Morgwm stepped further into the room and Benfro followed her, clutching the amphora to his chest. It was heavy, but the responsibility for carrying it felt heavier still. He noticed that the fire in the grate had gone out, a chill spreading through the small room quite unlike anything he had ever experienced before. So that’s what death means, Benfro thought. It’s not about bodies lying motionless, or dragons giving up the will to live, it’s about the fire going out and there being no more stories.
‘Benfro! What are you doing in here. You shouldn’t have to see this…oh.’ Benfro turned to see another dragon enter the room behind them. She carried herself with a stiff formality that he knew belied her true, mischievous nature. Her face was kind and had once been beautiful. Her scales still gleamed with myriad colours but age had begun to rob Meirionydd of some of her youthful vigour. She stepped up to him and scratched him between his ears in her friendly way, but he could see the anguish on her face.
‘I’m sorry Morgwm, I didn’t realise you were here already,’ she said.
‘It’s alright Meirionydd,’ Morgwm said. ‘Benfro’s going to help me with the Fflam Gwir. It’s something he has to learn.’
‘True,’ Meirionydd said, a note of sadness in her voice. ‘I never thought he’d be so young when it came around though.’
‘Ystrad Fflur has been slipping away for centuries,’ Morgwm said. ‘Even my most potent herbs couldn’t keep the rot out of his bones.’ She turned her attention to Benfro. ‘Meirionydd and I have to prepare the body,’ she said. ‘Please take the amphora to the great hall. We’ll meet you there.’
Benfro was about to protest, but he saw the look on his mother’s face and decided against it. And besides, the cold room was beginning to alarm him. Something about the lifeless corpse sent shivers up and down his long spine. Turning, he made to go, but Meirionydd blocked his path.
‘Don’t be so glum, Benfro,’ she said, smiling. ‘This is a sad time, it’s true. But Ystrad Fflur would not have wanted us to be miserable. Remember something about him that makes you happy and cling to that memory. You’ll need it later on.’

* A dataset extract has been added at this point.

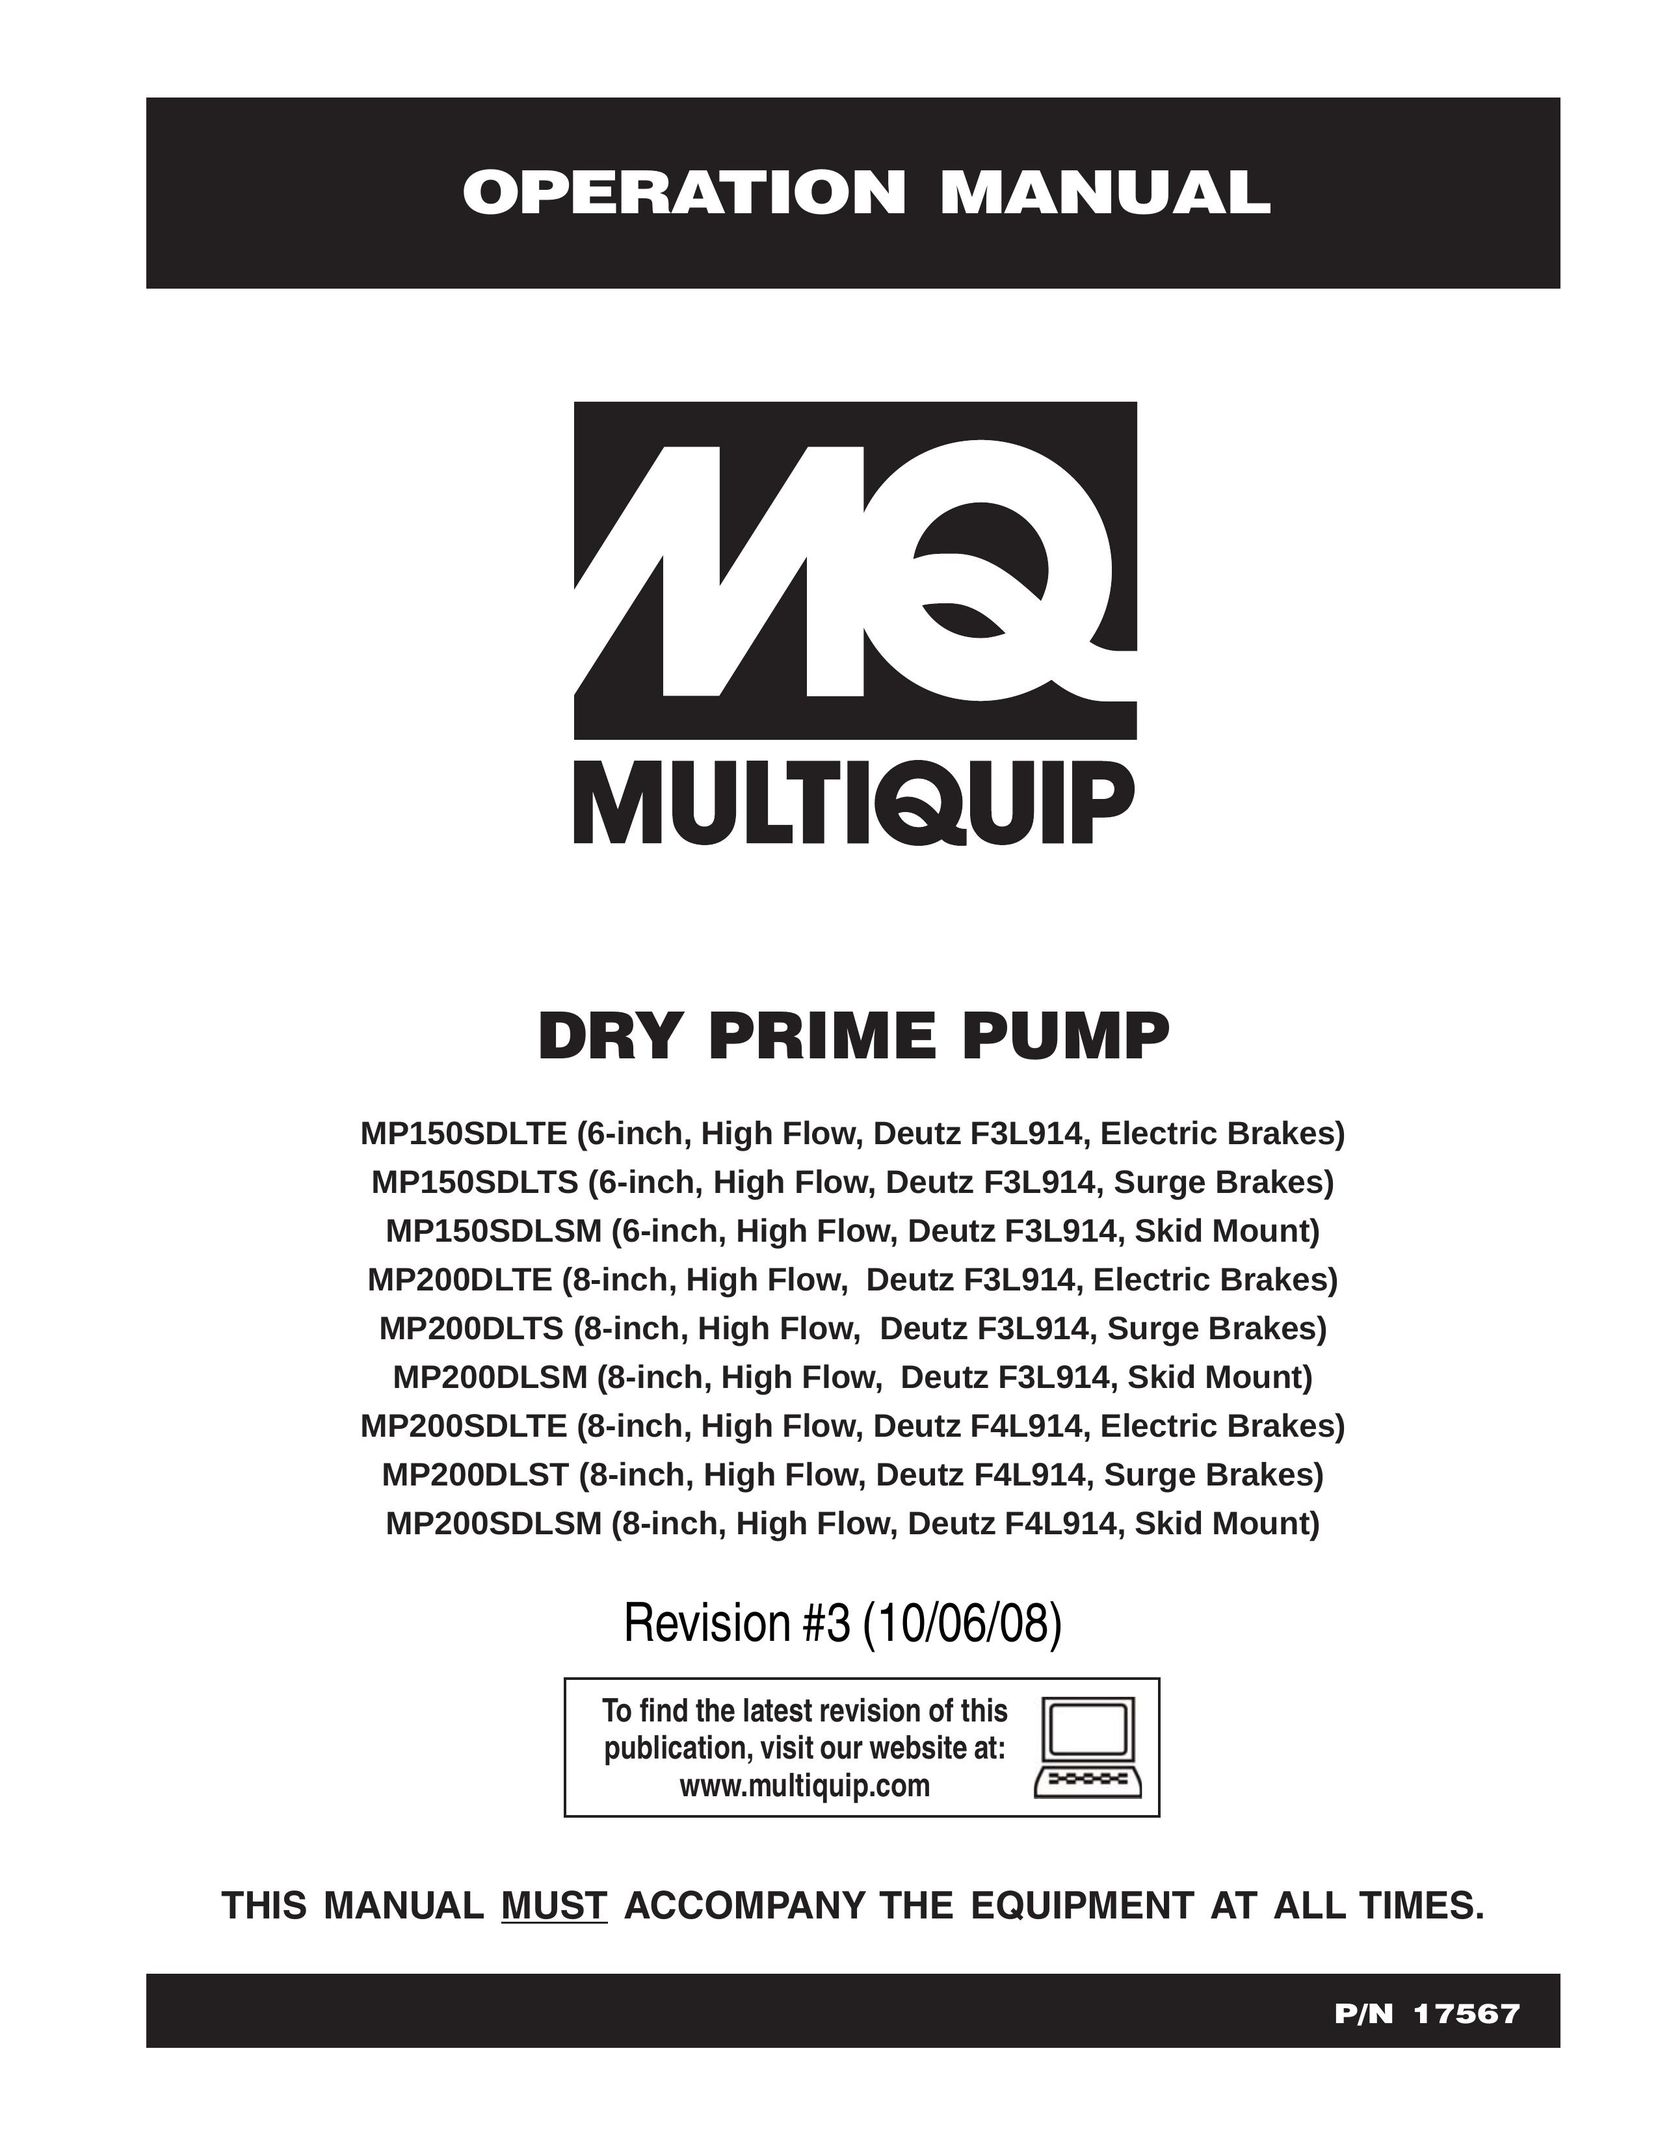 Multiquip MP150SDLTS Heat Pump User Manual

Benfro nodded and ducked out of the cottage. He made his way carefully towards the large building that stood in the centre of the village and where all the dragons congregated for their evening meals. As he walked he remembered Ystrad Fflur sitting in near darkness by the fireplace, spinning a splendid yarn about his travels in the ice fields of the frozen south, sharing big chunks of crystallized ginger root which he pulled from a seemingly bottomless jar on the table beside him. The smile soon came back to his face.

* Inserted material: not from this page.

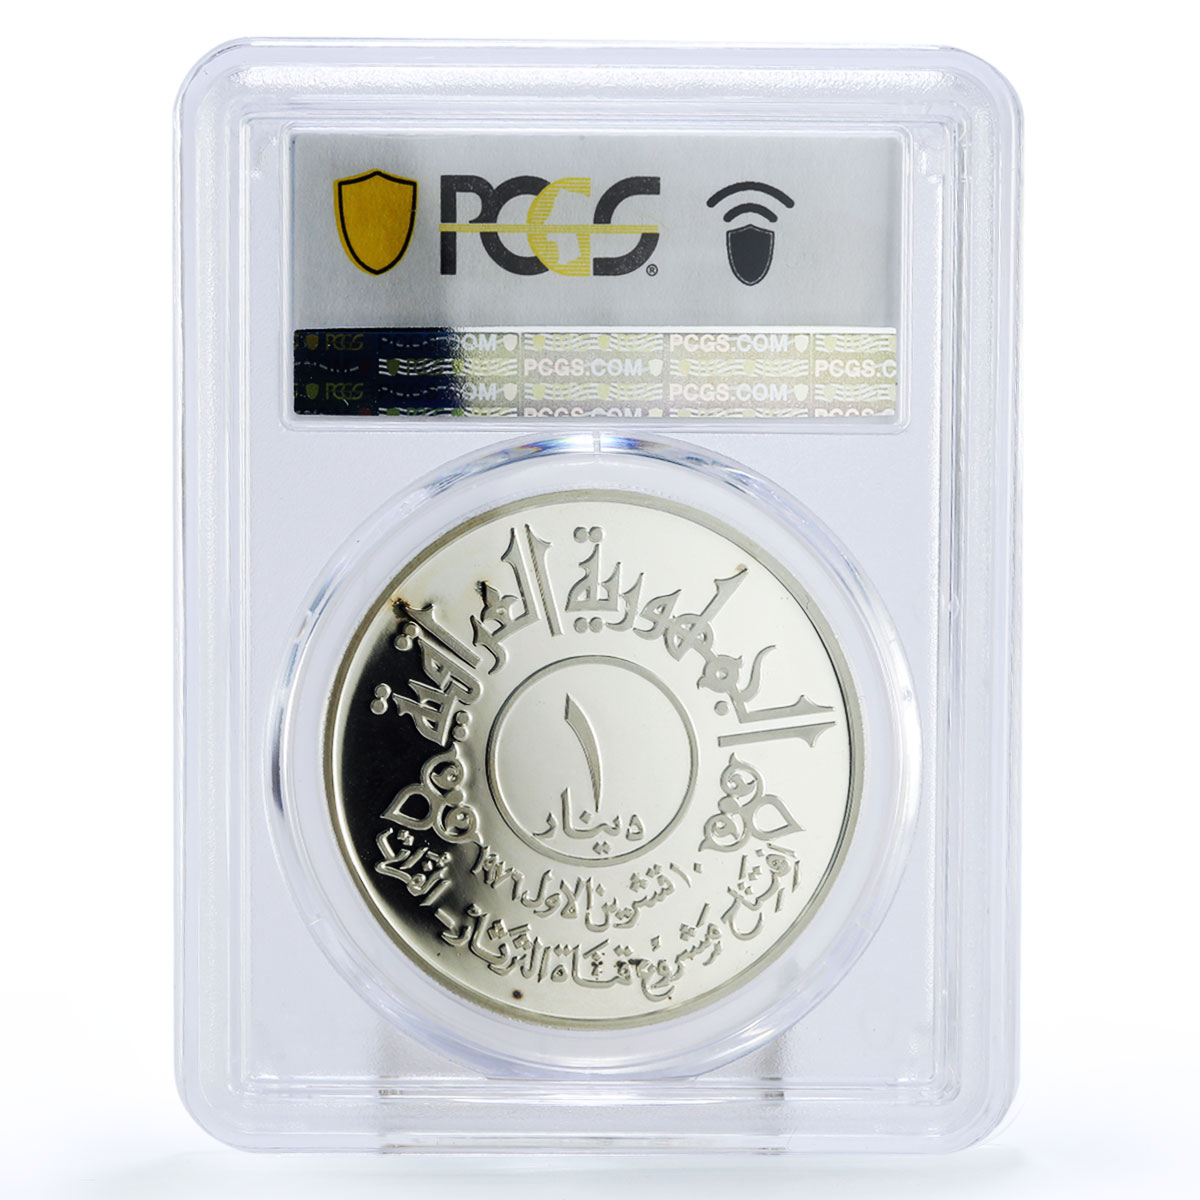 Iraq 1 dinar Tharthar Euphrates Canal PR67 PCGS proof silver coin 1977

‘What’re you so pleased with yourself about, squirt?’ The voice cut through Benfro’s reverie like a Yonaw-month wind. He turned to see his least favourite villager scowling at him.
‘Good morning, Mistress Frecknock,’ he said, trying to bow politely without dropping the amphora, or indeed spilling any of its precious contents.

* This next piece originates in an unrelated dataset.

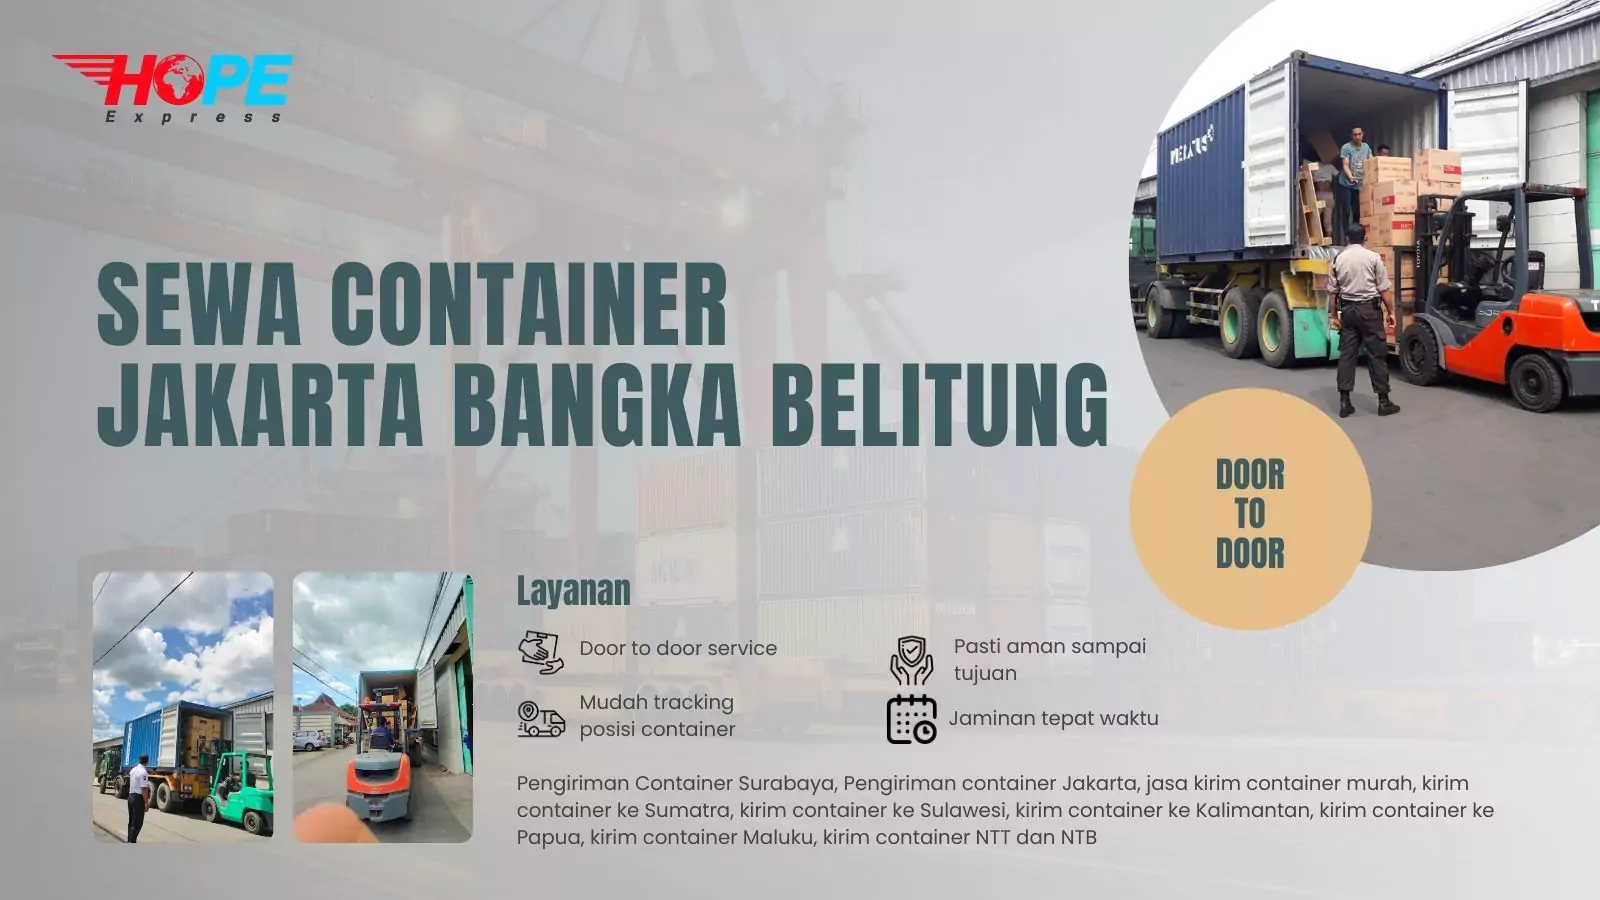 Sewa Container Jakarta Bangka Belitung

‘A dragon is dead,’ she snapped. ‘What’s so good about that? And what’s that you’re carrying?’
Nervously Benfro held up the amphora for inspection, although he wasn’t about to hand it over. ‘It’s Delyn oil,’ he said. ‘For the reckoning.’
Frecknock made a dismissive noise as if she thought Benfro a poor liar. She had polished her scales, he noticed, tinting them with something so that they gleamed black rather than their normal iridescent bog-grey. She had done something to her wings too, forced them into what looked like a very uncomfortable position with some kind of wire frame. It contrived to make them look like they were much larger than their actual size and neatly folded away. Benfro knew that Frecknock’s wings were smaller even than his, and he was only ten. The idea that she might pretend that they could lift her off the ground filled him with ill-suppressed mirth.
‘What are you smirking about, horrible kitling,’ she yelled. ‘Give me that jar before you break it and ruin the day for everyone.’
Years of experience of Frecknock’s ways meant Benfro was able to dart from her grasping hands as she lunged at him. For a terrible moment he thought he was going to drop the amphora, spill its priceless contents over the grass, but he managed to keep hold of it as he ran towards the great hall.